Ibrahim has been through four years of hell, and his daily reality in prison is horrifying. Our ageing parents, at home in Dublin, are sick with worry for their only son. My sisters and I have lost the chance to see our baby brother grow up.

Ibrahim’s ordeal is far from rare. In recent years, Egyptian courts have consistently tried children as adults on charges that carry the death penalty, and have sentenced children to death. Hundreds of people have been tried simultaneously in other mass trials, a practise the UN has said “cannot possibly [meet] even the most basic requirements for a fair trial.” Egyptian police and prison guards are also famous for torturing and even ‘disappearing’ detainees.

Knowing all of this, it appalls me to know that the European Union and European governments – including the UK – are working closely with the Egyptian criminal justice system.

The human rights organisation Reprieve, which is supporting Ibrahim, has discovered that the EU is offering €10m in support, training and equipment for Egypt’s courts. As part of this EU project, a Northern Irish government body – Northern Ireland Cooperation Overseas (NI-CO) – has carried out refurbishments of juvenile courts in Egypt, supplying waterproof chairs for children to sit on during trials, benches for mass hearings, and steel bars for “secure waiting areas”.

I wrote to NI-CO more than eight months ago, asking them to reconsider their work, and requesting a meeting to discuss Ibrahim’s case. I am still waiting for their response.

Reprieve has also found that the UK government has provided nearly £2m in aid for security projects in Egypt, “including support for policing, the criminal justice system and the treatment of juvenile detainees.” The UK has refused to provide any details about these projects, including which arms of the Egyptian government are involved.

Apparently, none of this assistance has required Egypt to fulfil any conditions relating to improving human rights.

To be sure, the Egyptian criminal justice system needs reforming, and as a European, I support the idea that Europe should play a role in making Egypt more democratic. But it can’t be right that the EU and the UK are providing unconditional assistance to Egyptian institutions that sentence children to death, torture detainees, and try people – people like my brother – in unfair mass trials.

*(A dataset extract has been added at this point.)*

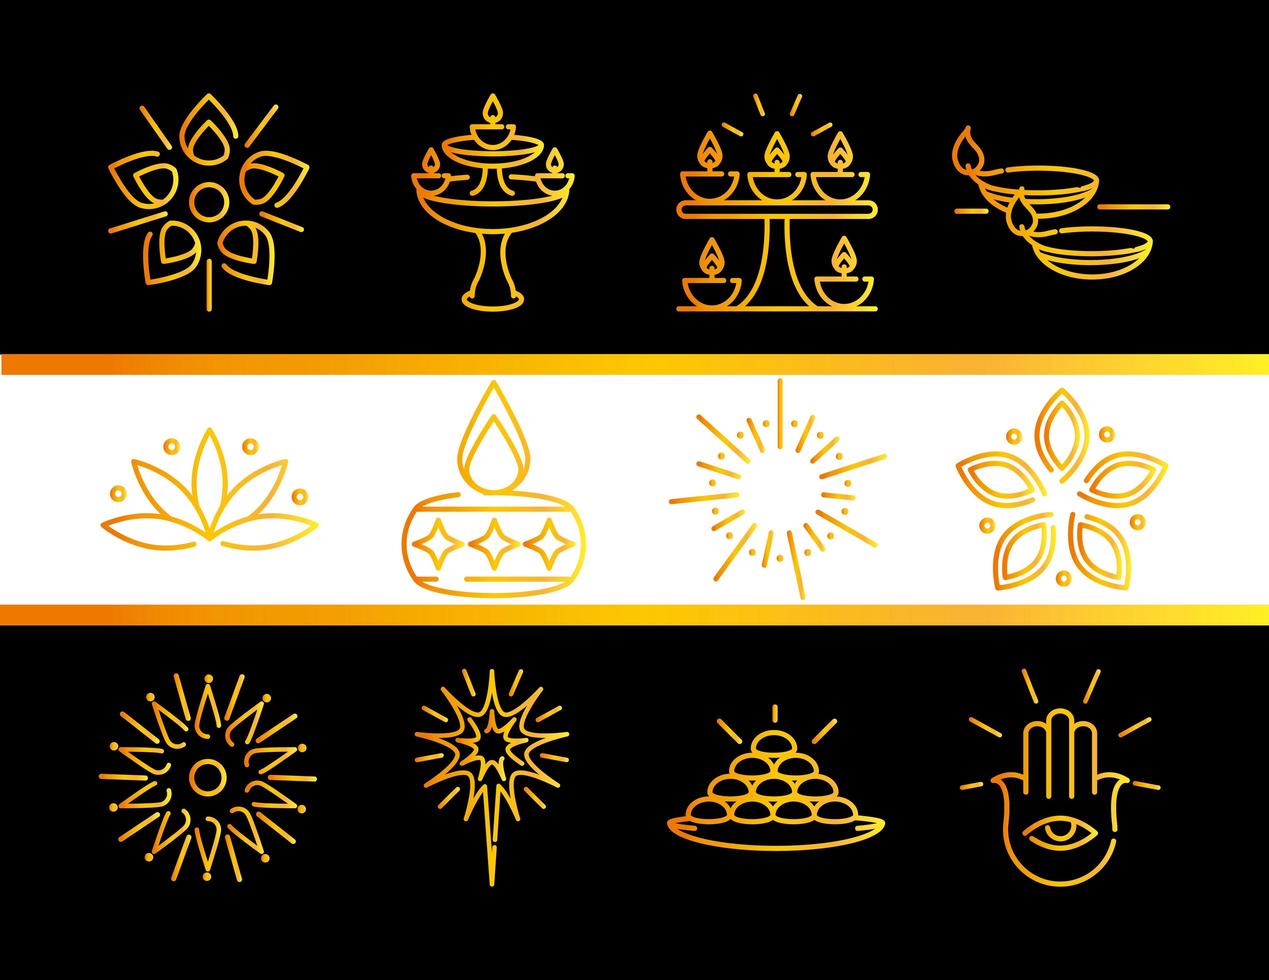 joyeux diwali inde festival deepavali religion gradient style icons set vecteur

If the EU and UK want to assist Egypt’s judiciary and police, Egypt should first have to commit to specific human rights reforms: the immediate release of my brother, the transfer of all juveniles out of adult courts, and an end to mass trials. The EU, the UK and NI-CO should have required Egypt to take these simple steps from the beginning, and it shocks me that they did not do so. Without obtaining these commitments, the EU and the UK are granting Egypt a fig leaf, allowing it to pretend at reform while continuing to subject people like Ibrahim to human rights abuses.

My brother needs to come home to our family now, and Egypt must bring an end to its use of the death penalty against juveniles. The EU, the UK and NI-CO should now suspend their assistance to Egypt’s criminal justice system until Ibrahim is free, and until Egyptian children no longer face the gallows.